### [EXERCISE]
Each line from the one with "A stylish vintage" through the last line below must be written out exactly. Do not copy pictures.

Data entries
● ● ●

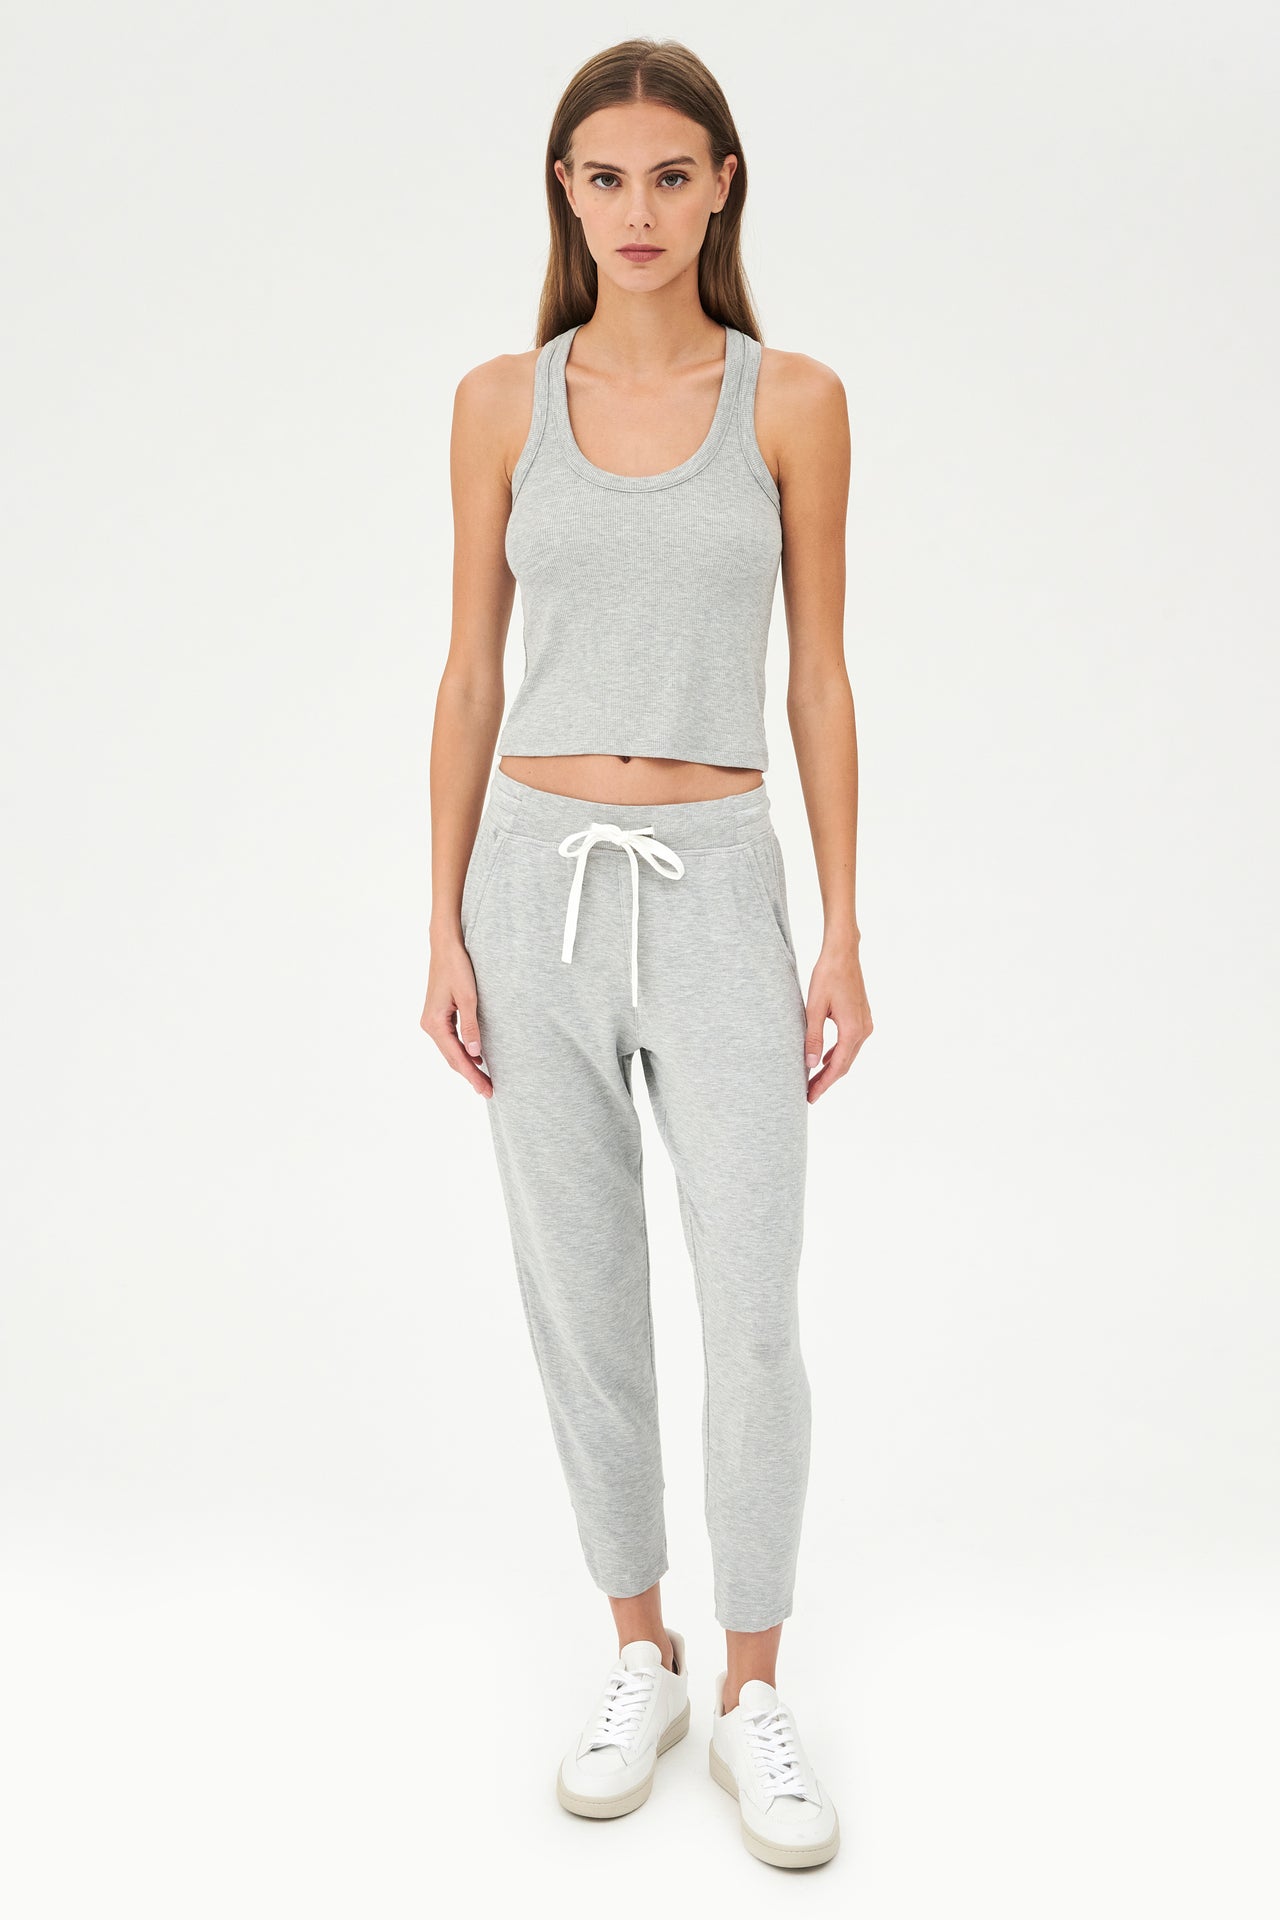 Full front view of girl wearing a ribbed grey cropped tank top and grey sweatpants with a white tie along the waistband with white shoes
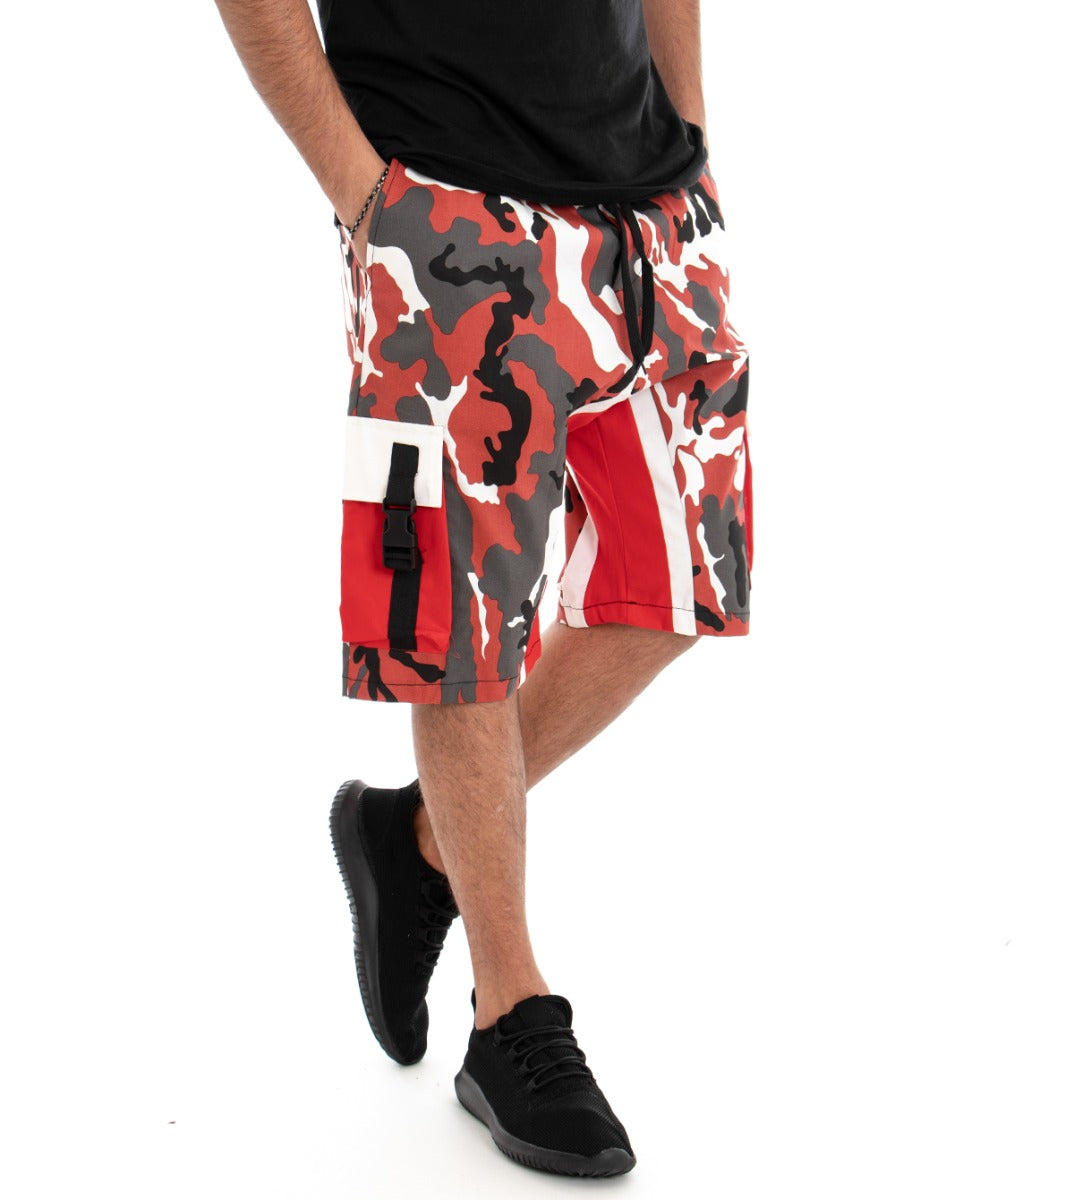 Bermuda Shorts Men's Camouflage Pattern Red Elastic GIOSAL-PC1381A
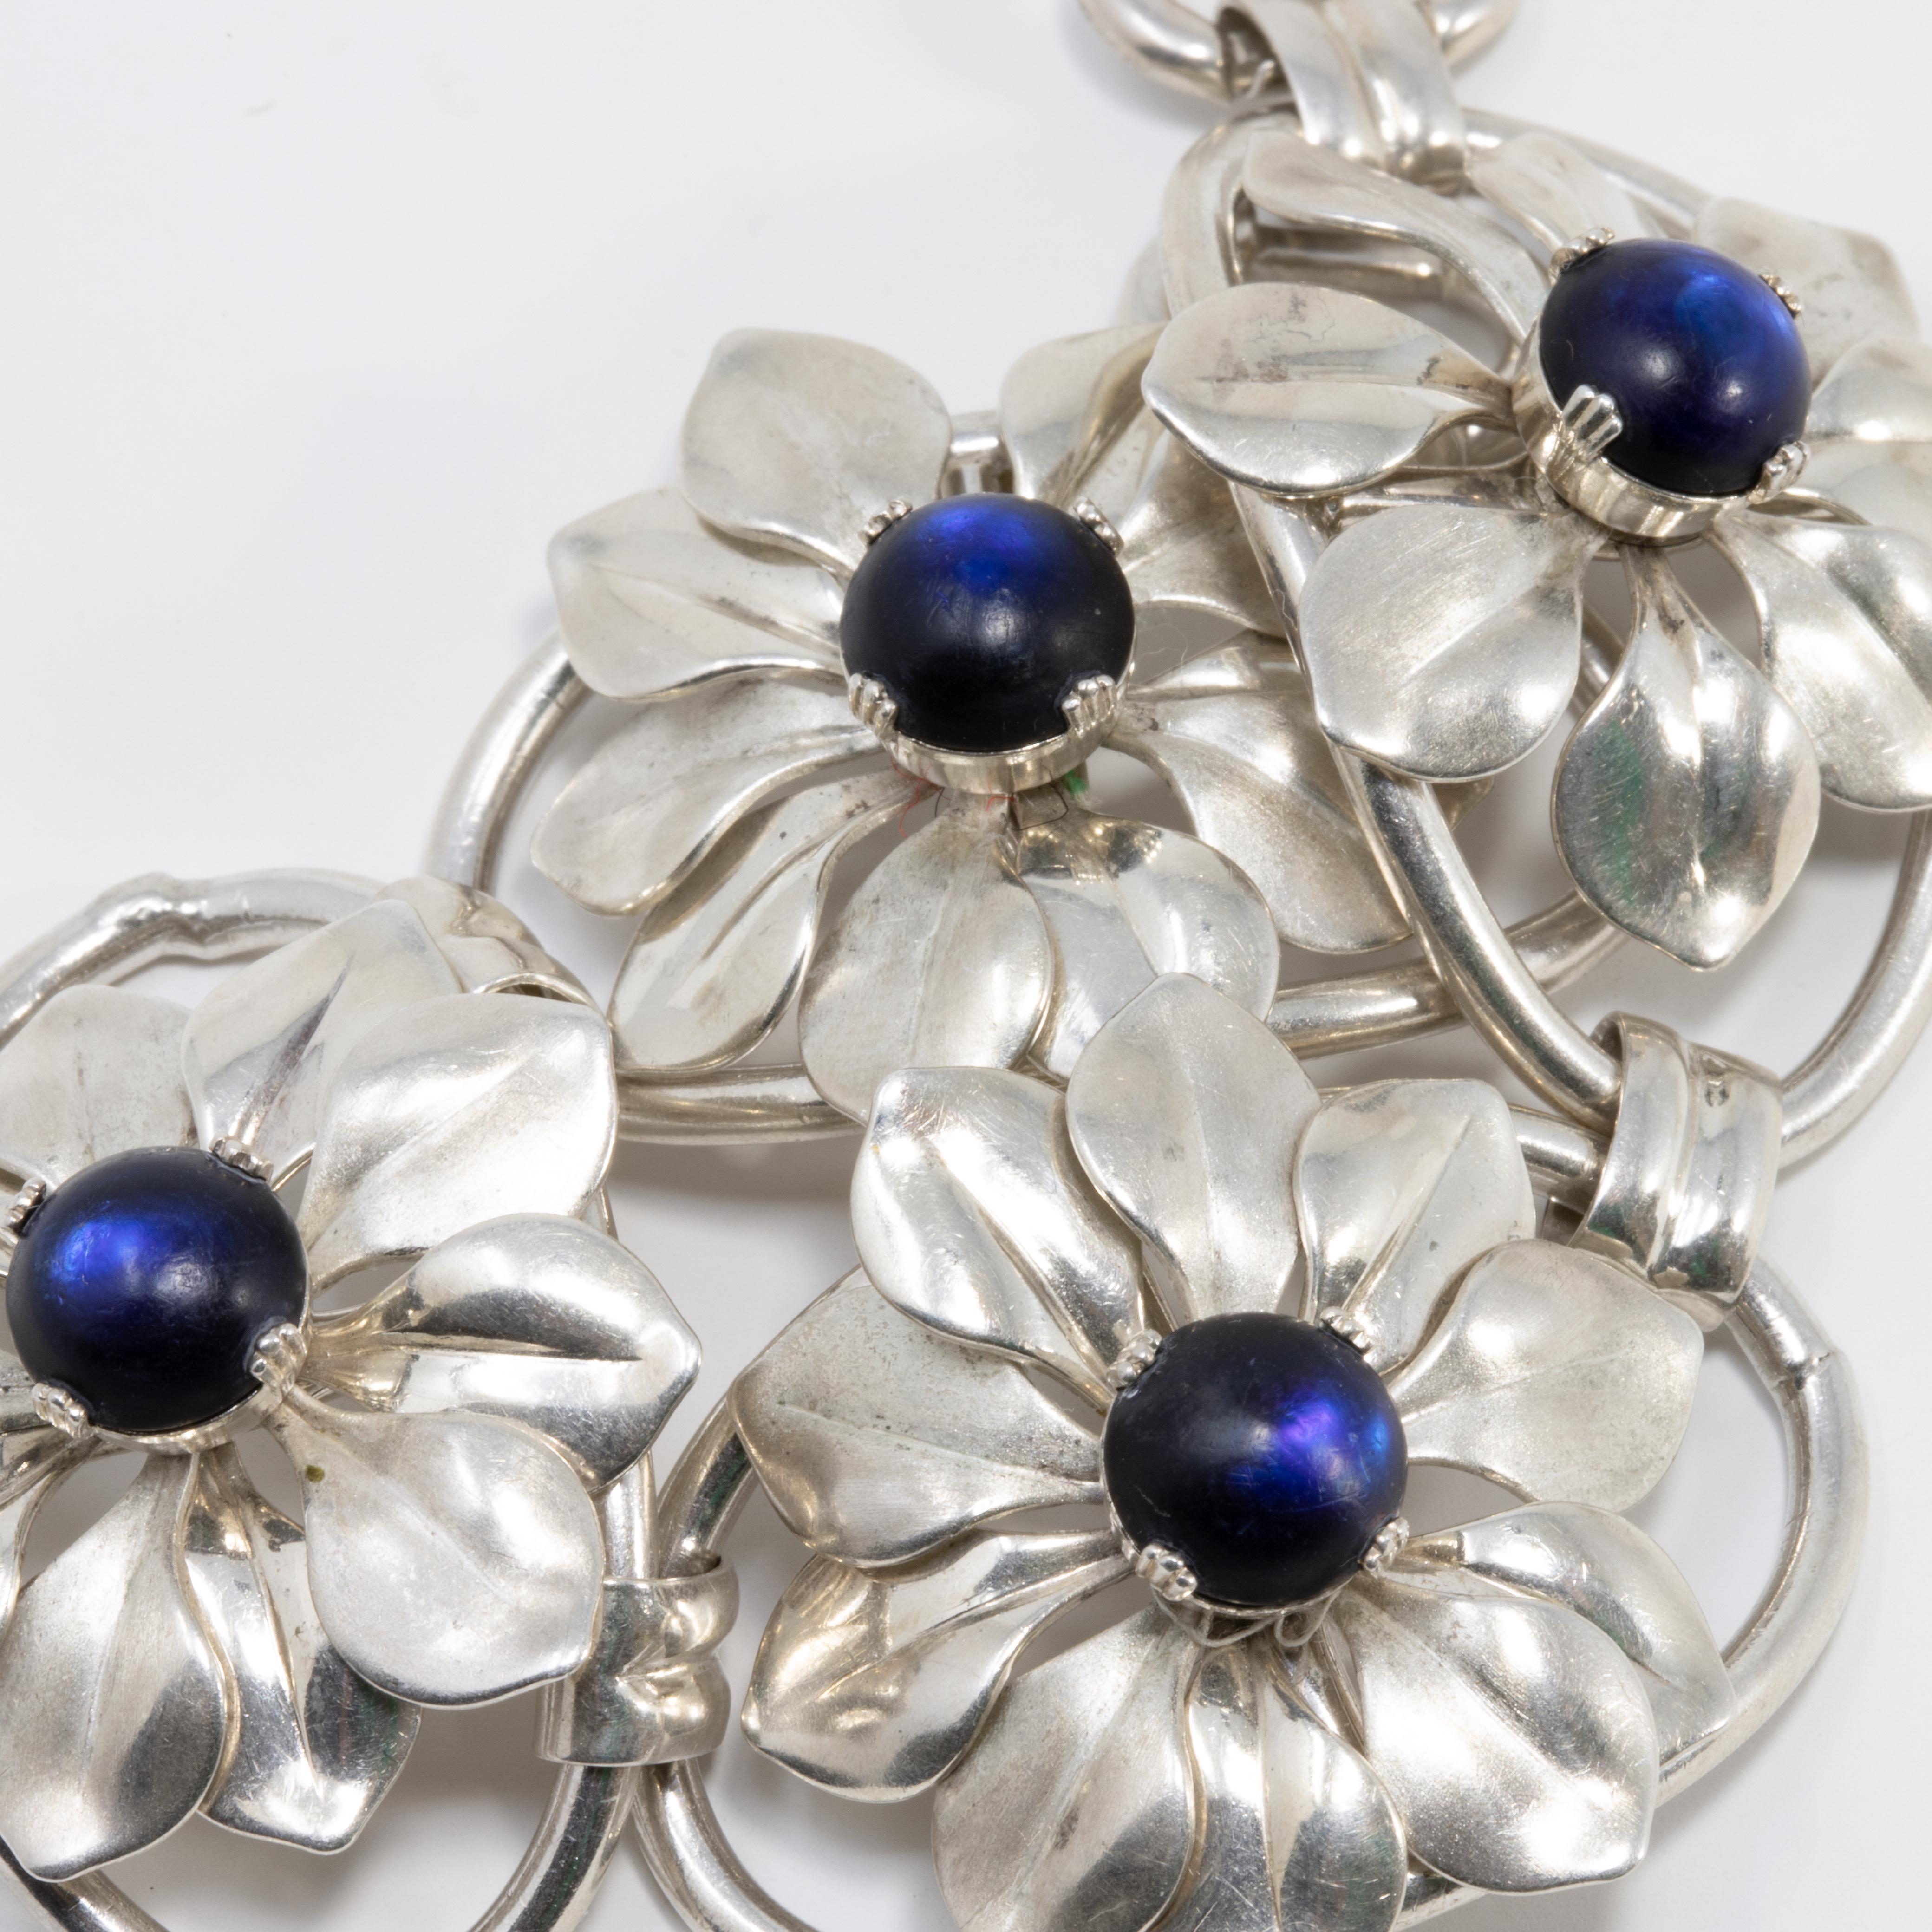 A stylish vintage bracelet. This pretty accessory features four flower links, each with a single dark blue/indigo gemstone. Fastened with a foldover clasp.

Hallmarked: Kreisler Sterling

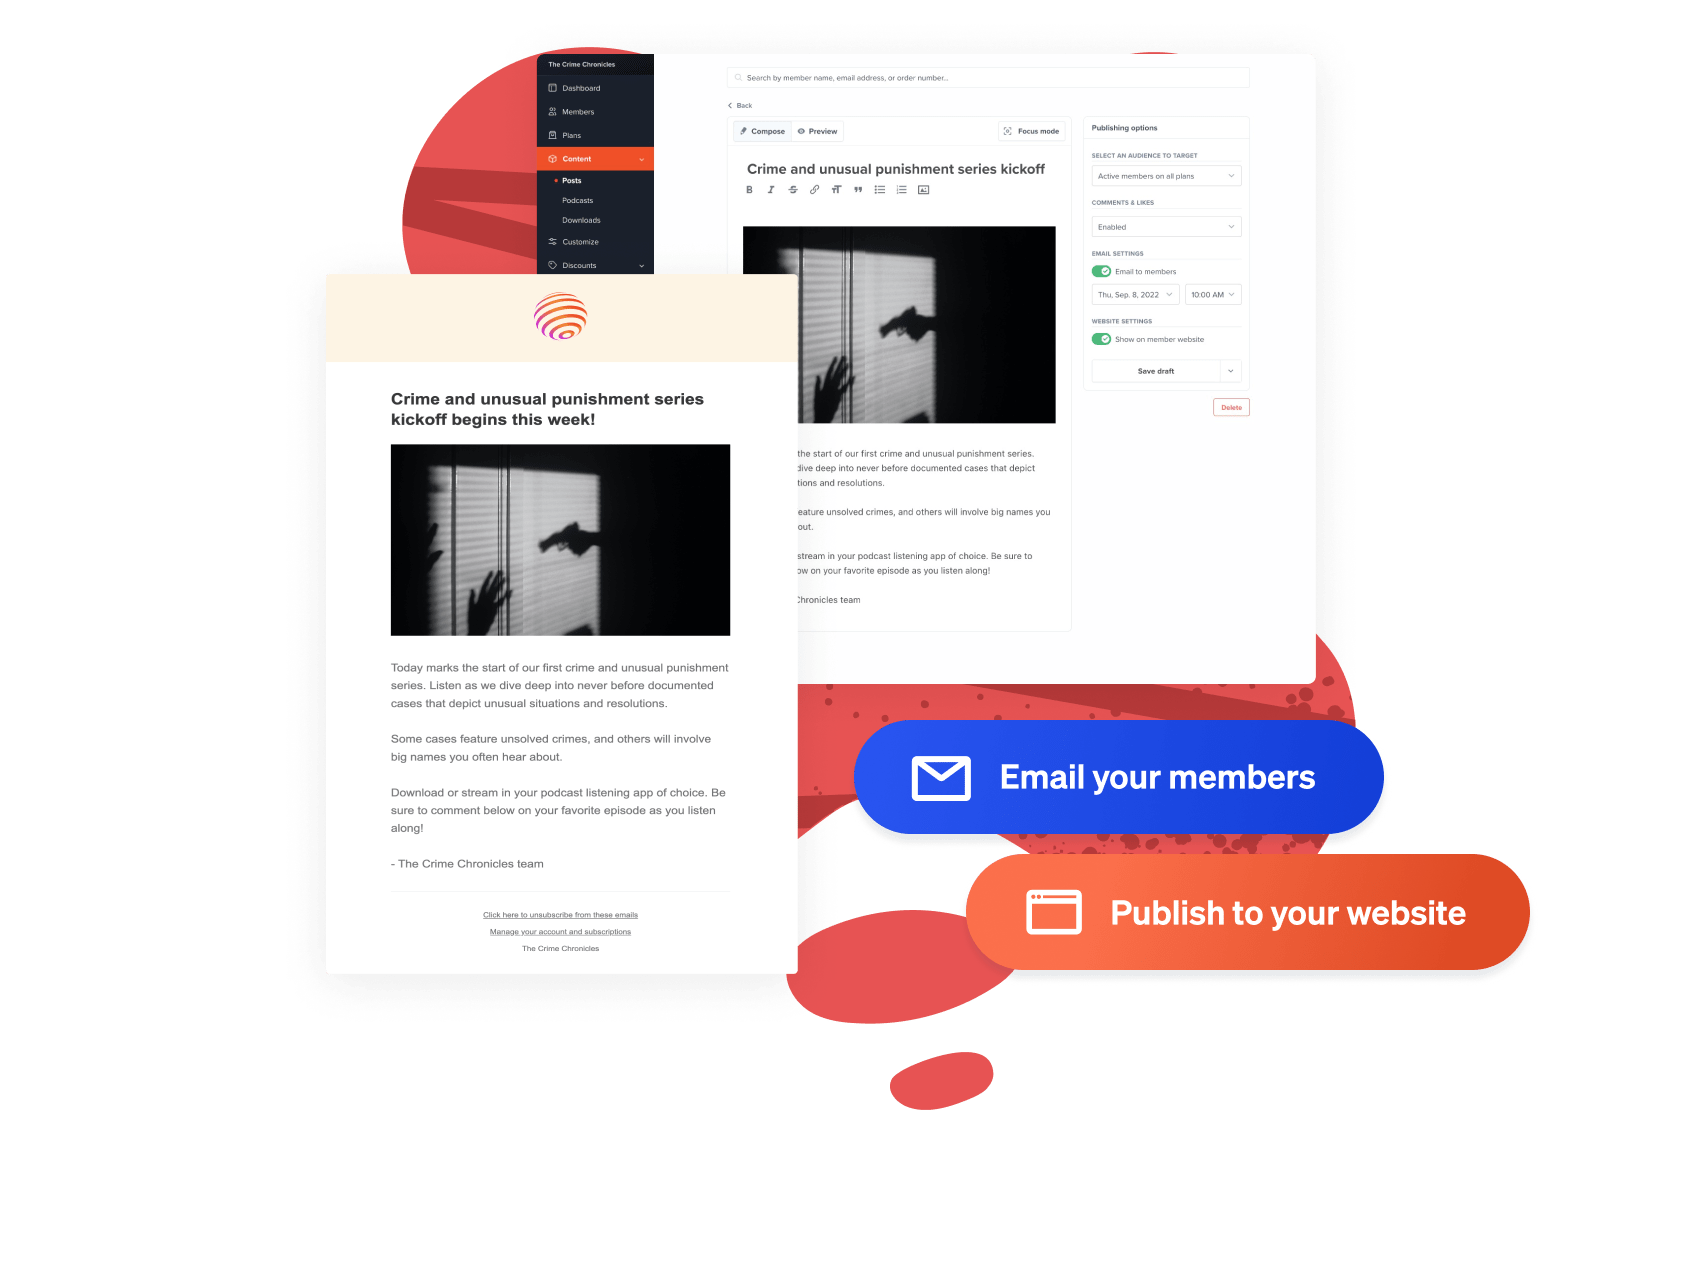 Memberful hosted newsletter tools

● ● ●

### [RESPONSE TO THIS EXERCISE]
 A stylish vintage bracelet. This pretty accessory features four flower links, each with a single dark blue/indigo gemstone. Fastened with a foldover clasp.

Hallmarked: Kreisler Sterling

 Memberful hosted newsletter tools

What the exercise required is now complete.